The first block at Tiong Bahru cost the Singapore Improvement Trust considerably more to build than originally budgeted. Part of the reason was the ground itself: soil conditions were more difficult than the surveys had anticipated, drainage requirements were extensive, and the work of making unstable land habitable before any construction could begin added substantially to the bill. Colonial bureaucrats debated whether the experiment was worth continuing. They decided it was. The second block followed. Then more. By the time war interrupted everything in late 1941, Tiong Bahru had already established a template for how Singapore would eventually house itself for generations.

When the Architecture Had to Become Shelter

War arrived here in December 1941. Japanese aircraft bombed Singapore from the north while the city scrambled to organise itself, and Tiong Bahru — low-rise, residential, on the southern fringe of the city — was not spared. Some roofs were damaged. The estate's development stopped. But one structure built in 1939, just before the invasion, holds a particular kind of distinction.

The Shelter at Block 78

Block 78 on Guan Chuan Street was the only Singapore Improvement Trust building designed with an air-raid shelter as part of its original structure. The basement shelter measured roughly 1,500 square feet, with walls nearly 19 inches thick — built to withstand bomb blasts and hold up to 100 people at a time. It was completed in 1939, as war in Europe was beginning and Singapore was starting to take seriously the possibility that the same reach might eventually arrive in Asia. The shelter still exists today. Guided tours have been conducted by the National Heritage Board. It is one of the more quietly remarkable places in the estate: a space where the elegant white curves above ground were directly connected to something urgent and afraid below.

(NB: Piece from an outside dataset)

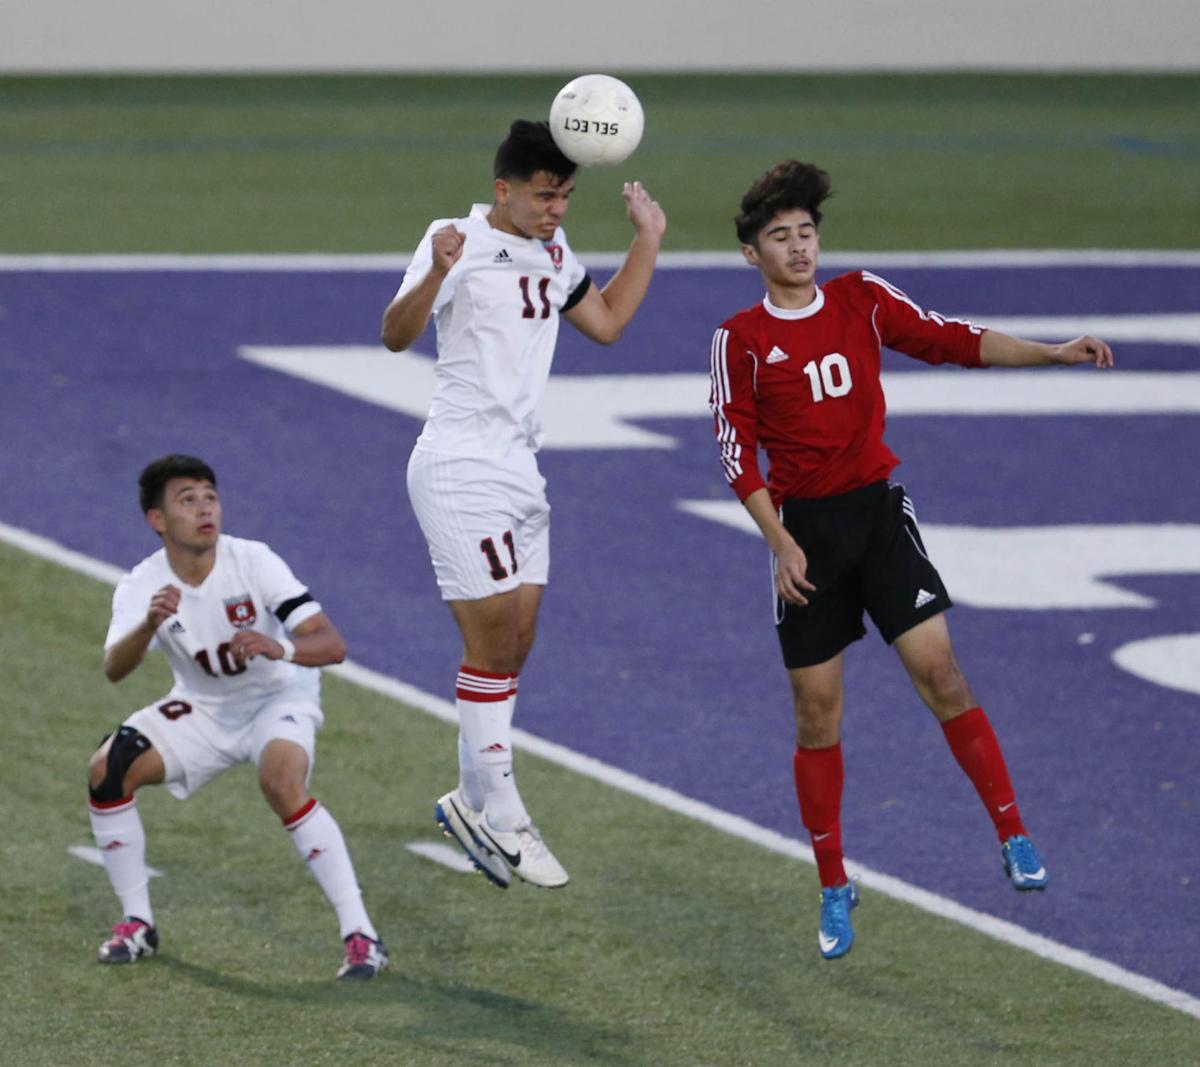 Waco soccer

What I find most honest about Block 78 is the proximity. The same estate that was being praised for its modern design, its light and air, its departure from the overcrowded tenement model — that same estate was, in the same breath, building a shelter for the next war. Modern Singapore was always being constructed under pressure. The optimism and the precaution were never separate things.

What Ordinary Life Did to the Architecture

The estate survived the Occupation and came out the other side into a long, slow accumulation of lived habit. Post-war Tiong Bahru added new blocks, a market, coffee shops, and the social rhythms that turn a planned development into a neighbourhood. A bird-singing corner at Block 53 became famous enough to attract travel writers, who discovered that elderly men gathered there on weekend mornings with caged birds — a tradition carried forward from kampong life into this most modern of settings, as if the planners had left a gap and nature had filled it.

The market on Seng Poh Road became one of the better-loved in the city. Hawker stalls acquired regulars across generations. The curved corridors that had been designed for ventilation became the backdrop for decades of ordinary afternoons. It is the kind of transformation that no planner can fully engineer: architecture becoming habit, and habit becoming memory.

"Tiong Bahru is where Singapore first learned that public housing could be more than shelter. A cemetery became a suburb. A swamp became a plan. And that plan, over time, became memory."

What You Are Standing In

When you walk Tiong Bahru today — past the cafés in the old shophouses, past the weekend crowds with their cameras, past the market aunties who have been here since long before Tiong Bahru was fashionable — you are standing in something that began as uneasy ground. Cemetery land and swamp turned into the first serious attempt by this city's governors to give ordinary urban life some order, some light, and — improbably — some style.

The cafés are recent. The curves are original. The question those curves were trying to answer — what does dignified everyday life look like? — is one Singapore has been asking itself ever since, in every town that followed.

Tiong Bahru was the first draft. And first drafts, when they work, are what everything else is measured against.